## [WHAT IS BEING ASKED]
Nothing outside the range is to be copied. From the entries below, reproduce exactly the lines starting at the one with "free sex hi sex fuking porn" and ending at the one with "AA (11 hours): [Athens]", without pictures.

## [PROVIDED DATA]
—————

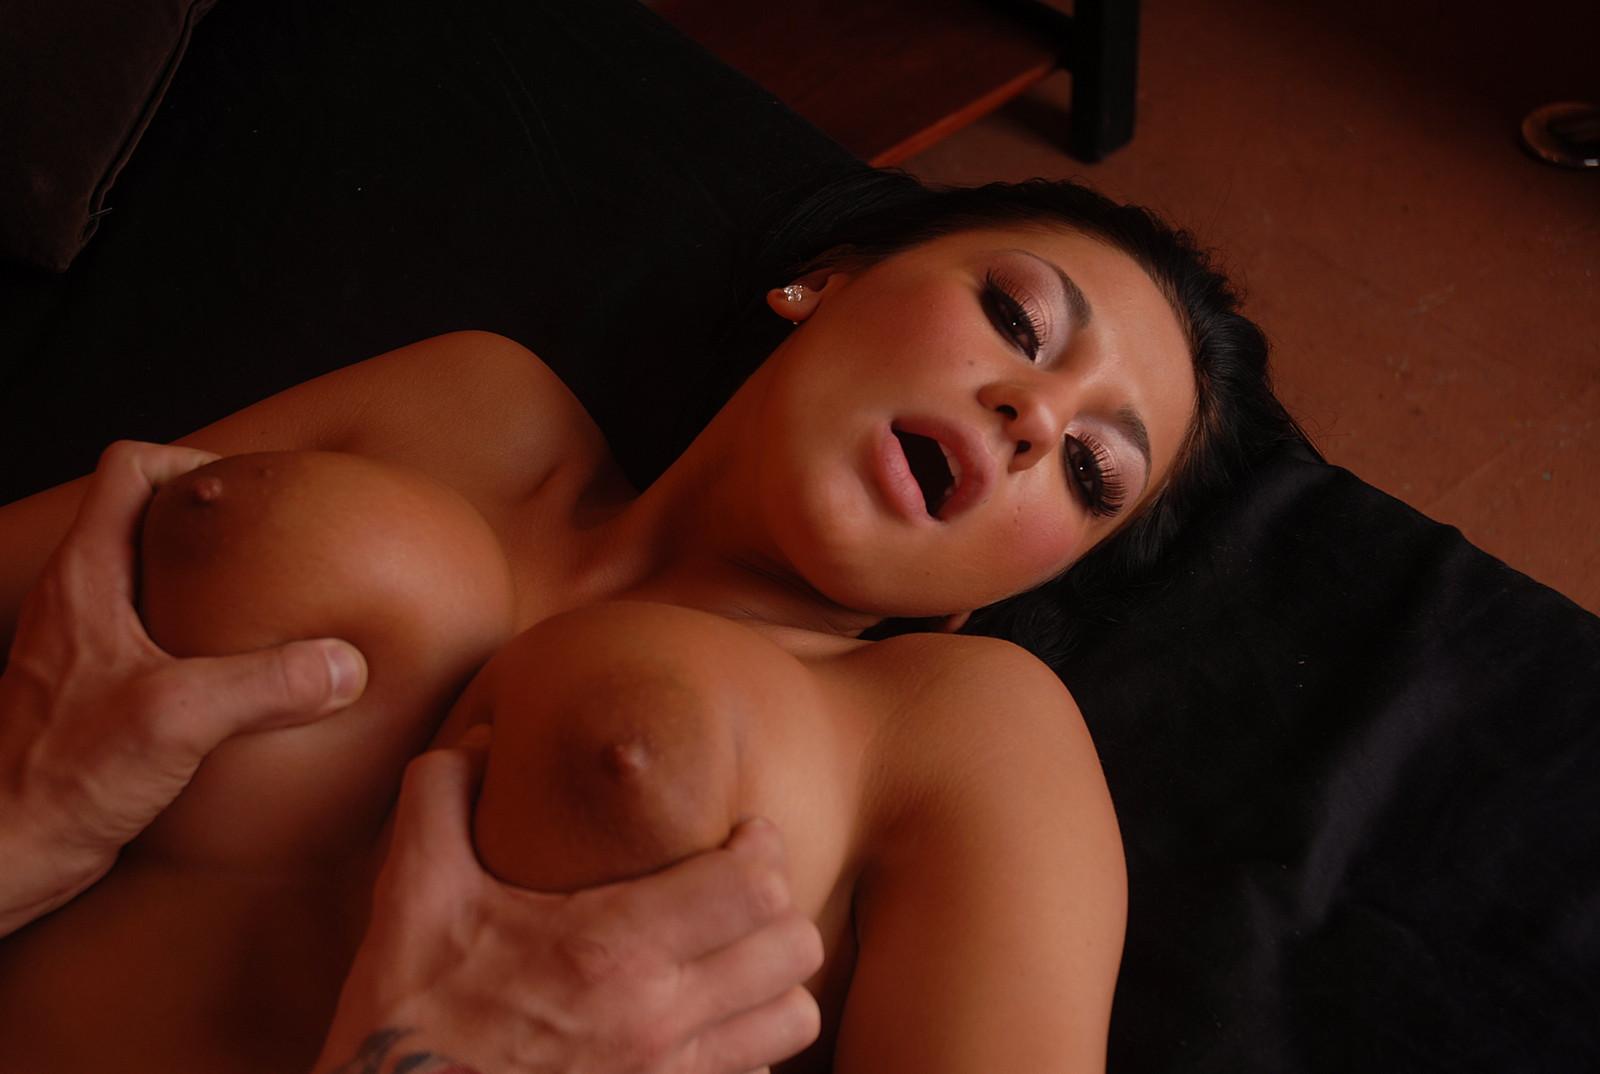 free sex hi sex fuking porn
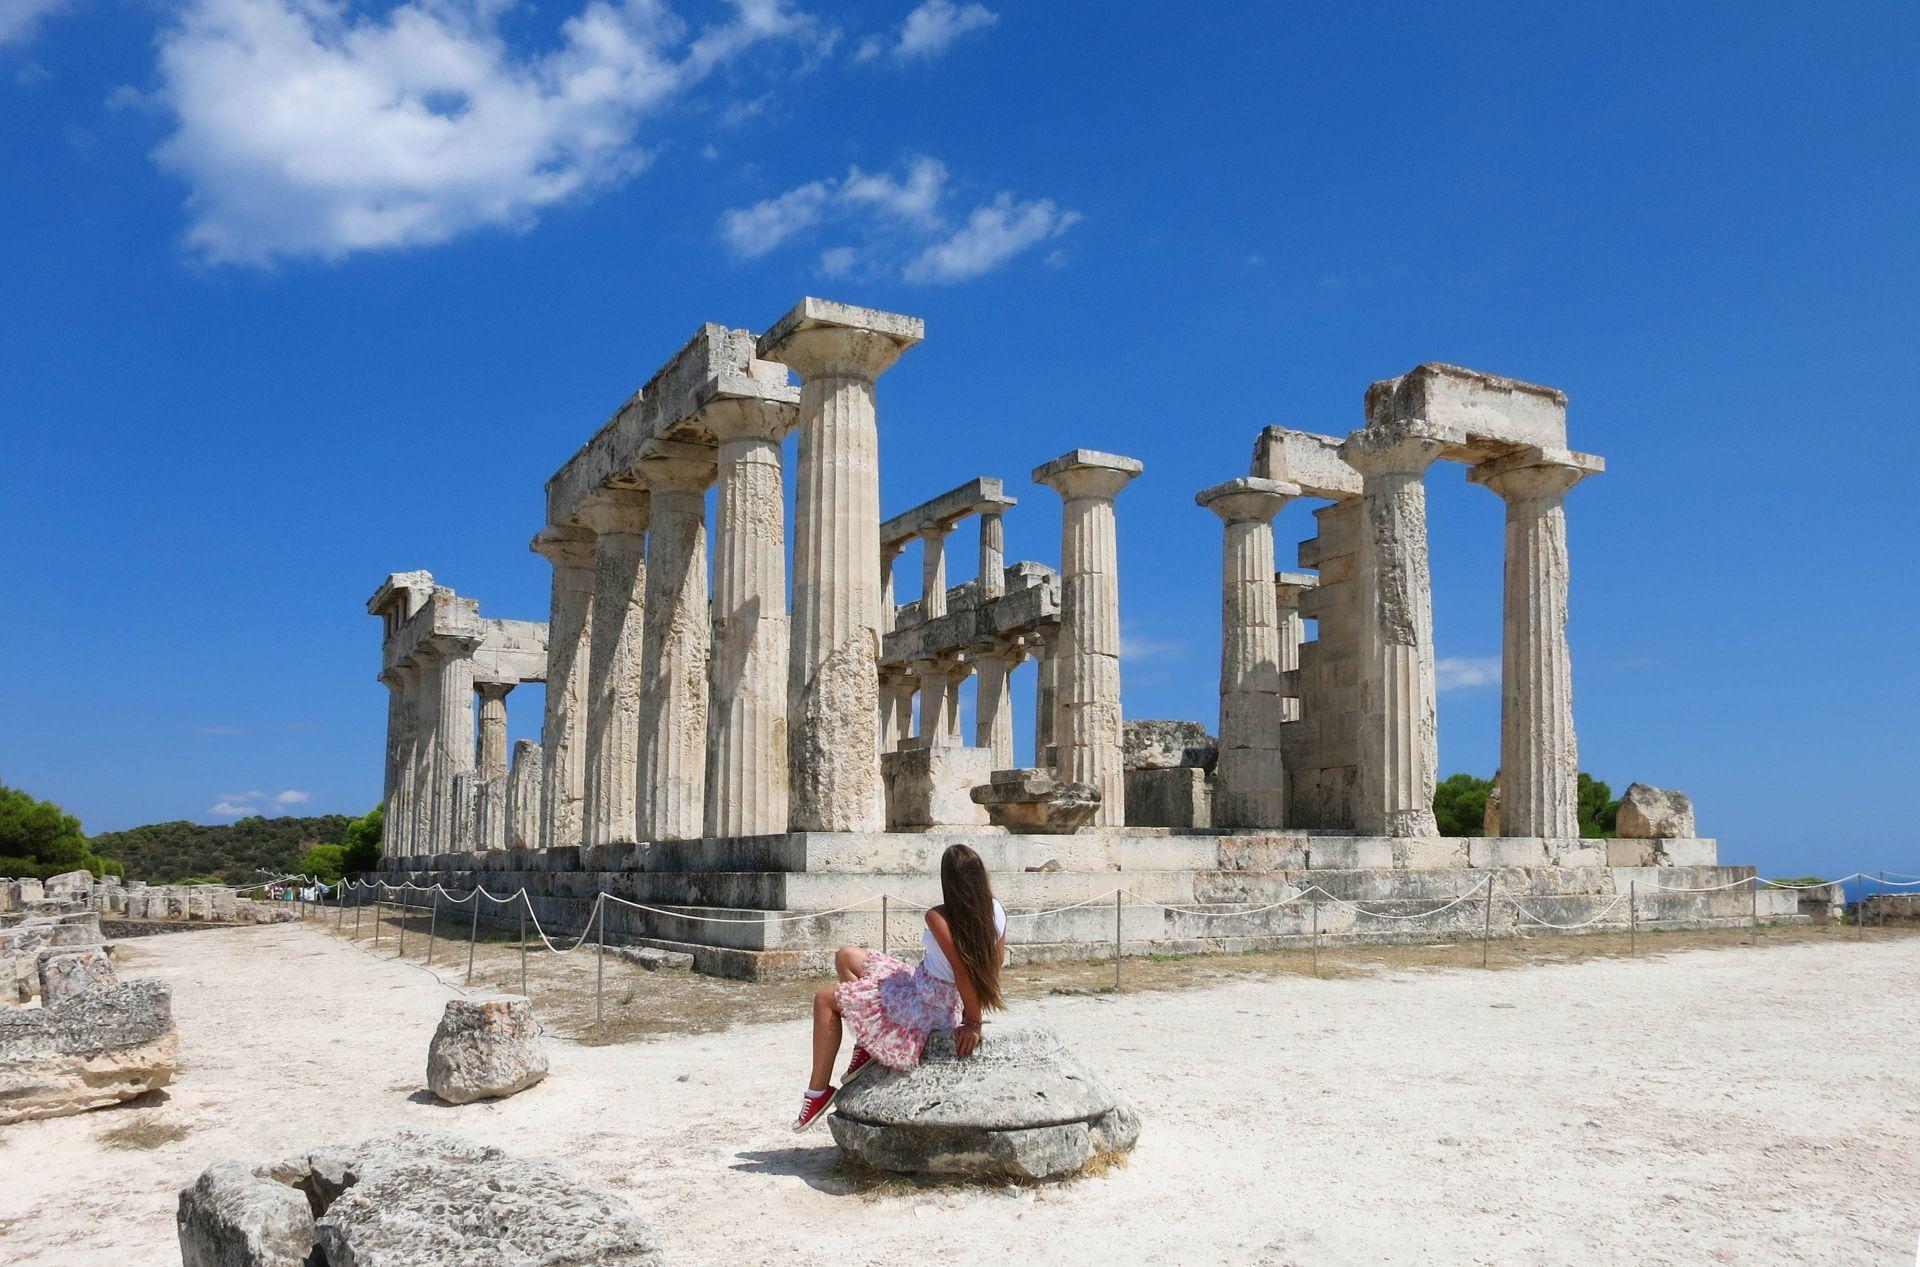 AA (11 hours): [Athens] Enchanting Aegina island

—————

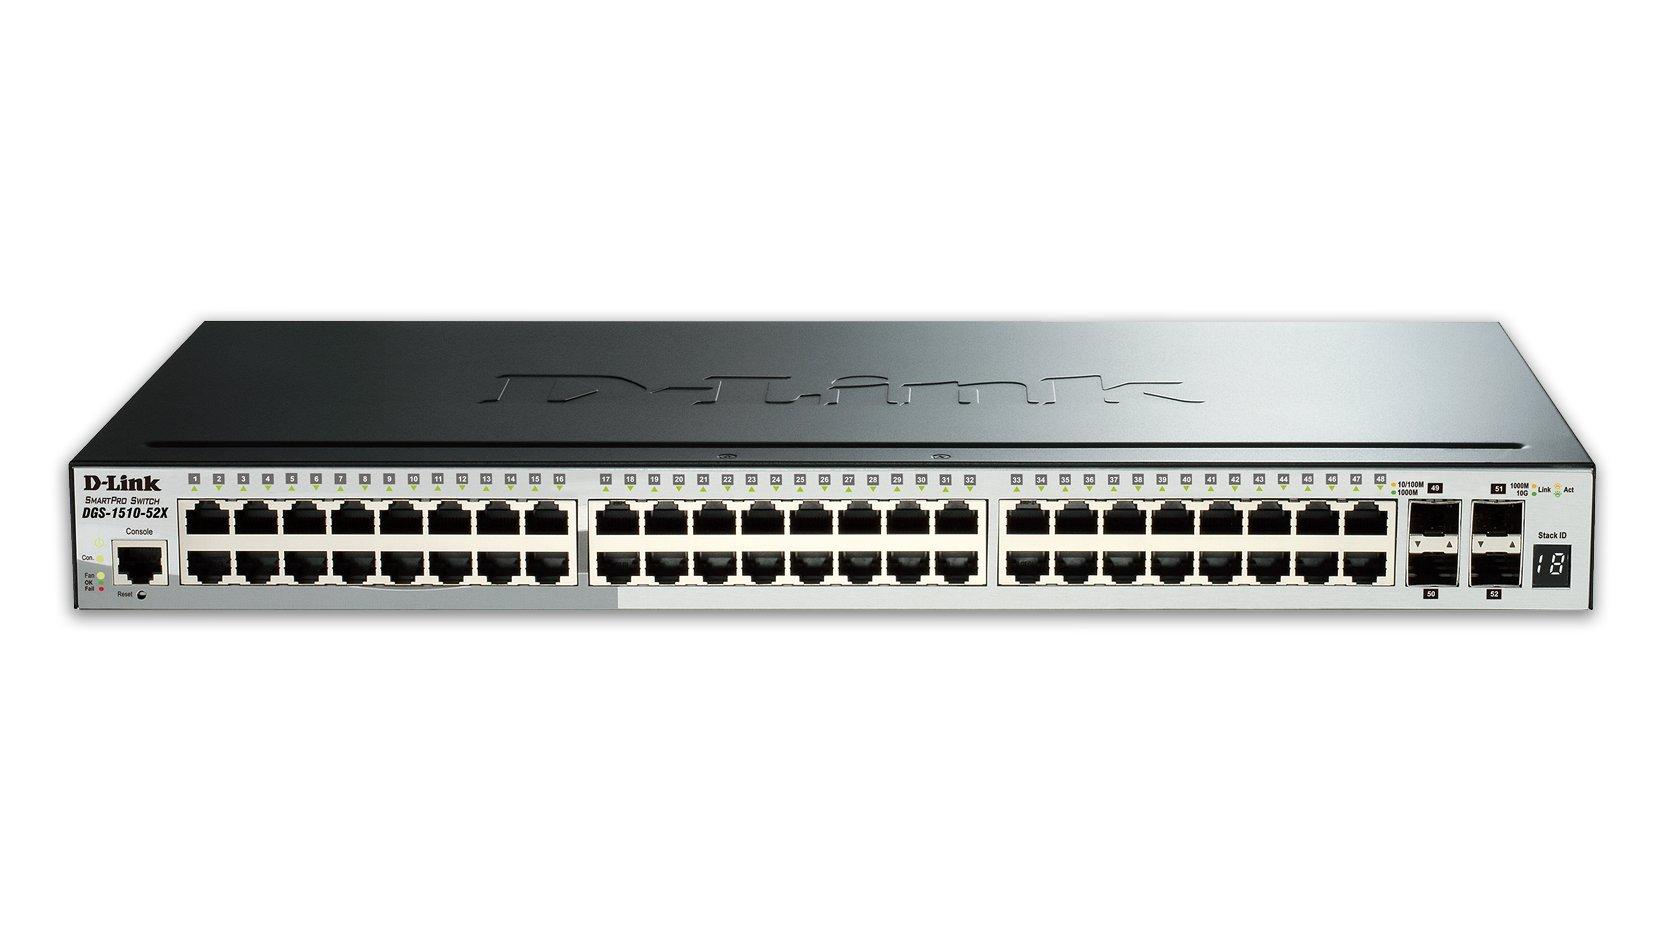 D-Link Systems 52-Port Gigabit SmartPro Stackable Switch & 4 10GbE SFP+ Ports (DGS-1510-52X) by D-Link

—————

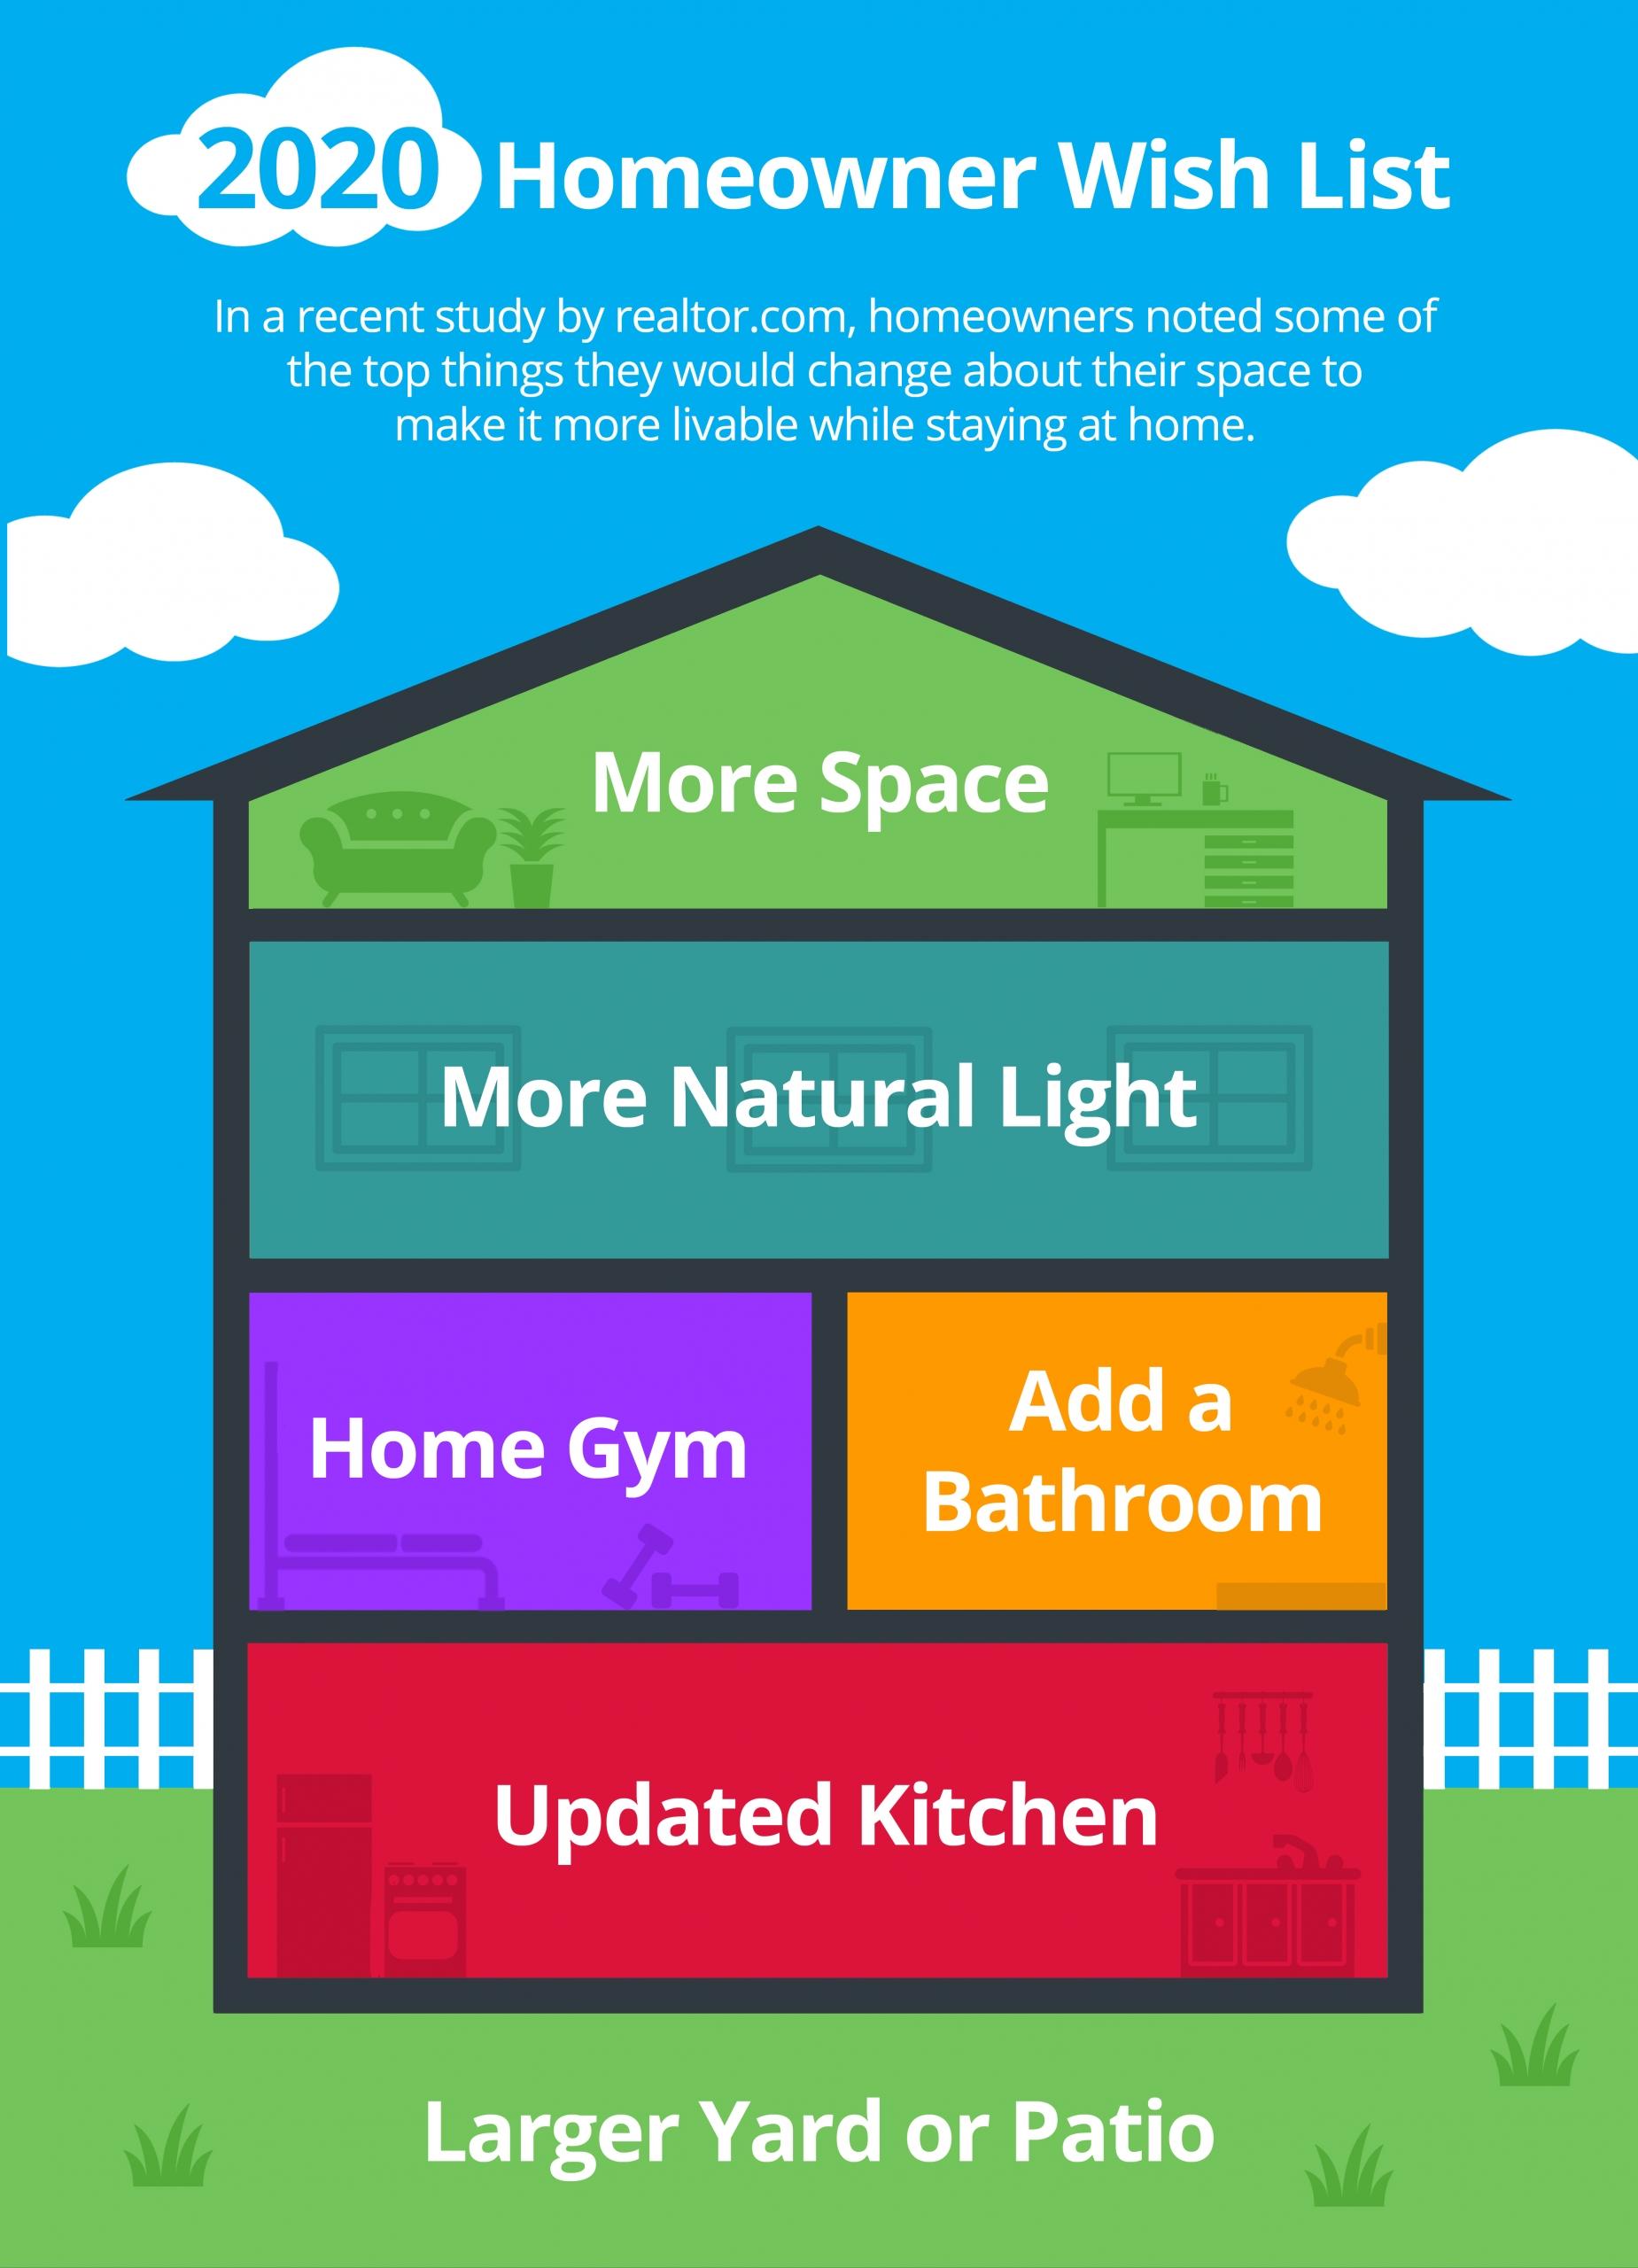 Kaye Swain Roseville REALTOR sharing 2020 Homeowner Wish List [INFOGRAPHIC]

—————

## [EXERCISE ANSWER]
 free sex hi sex fuking porn
 AA (11 hours): [Athens] Enchanting Aegina island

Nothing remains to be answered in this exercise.